The act was officially called "Have You Got a Nickel?" Two barefoot teenage girls (who weren't twins) walked onstage, giggling abashedly, wearing shorts and T-shirts. Each of them sat down cross-legged and, to the tune of "I'm in the Mood for Love," proceeded to fellate an orange popsicle. Phyllis Diller gave them a 0. Jamie Farr gave them a 2. Jaye P. Morgan (who would later be fired for flashing her breasts on camera) said, "That's how I got my start," and gave them a 10. She was rewarded with one of their popsicles.
"I'm fairly certain that's when I first thought of chucking it all and moving to the south of France," Barris would later write.

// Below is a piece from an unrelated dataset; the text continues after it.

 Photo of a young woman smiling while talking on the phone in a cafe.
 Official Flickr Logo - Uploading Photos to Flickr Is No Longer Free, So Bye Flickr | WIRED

By 1980, "The Gong Show" was losing steam. Several times Barris has told the story of saying, "There must be more to life than game shows" to the makeup woman during a break in "Gong Show" taping, and the woman whispering back, "There is." He decided to make "The Gong Show Movie," with his friend Robert Downey Sr. writing and directing. Midway through the production, Barris decided he wanted to direct it himself, which he did with Downey's blessing. Barris turned Downey's slapstick comedy into an attempt at seriousness, with disastrous results. The picture bombed.
"Life is cruel enough without Chuck Barris around," read the Albuquerque Tribune's review, and soon, he wouldn't be. For the next half-decade, he scaled down Barris Industries, wrote his first autobiography and contemplated that move to France. In 1986, with his girlfriend and future wife, Robin "Red" Altman, he went.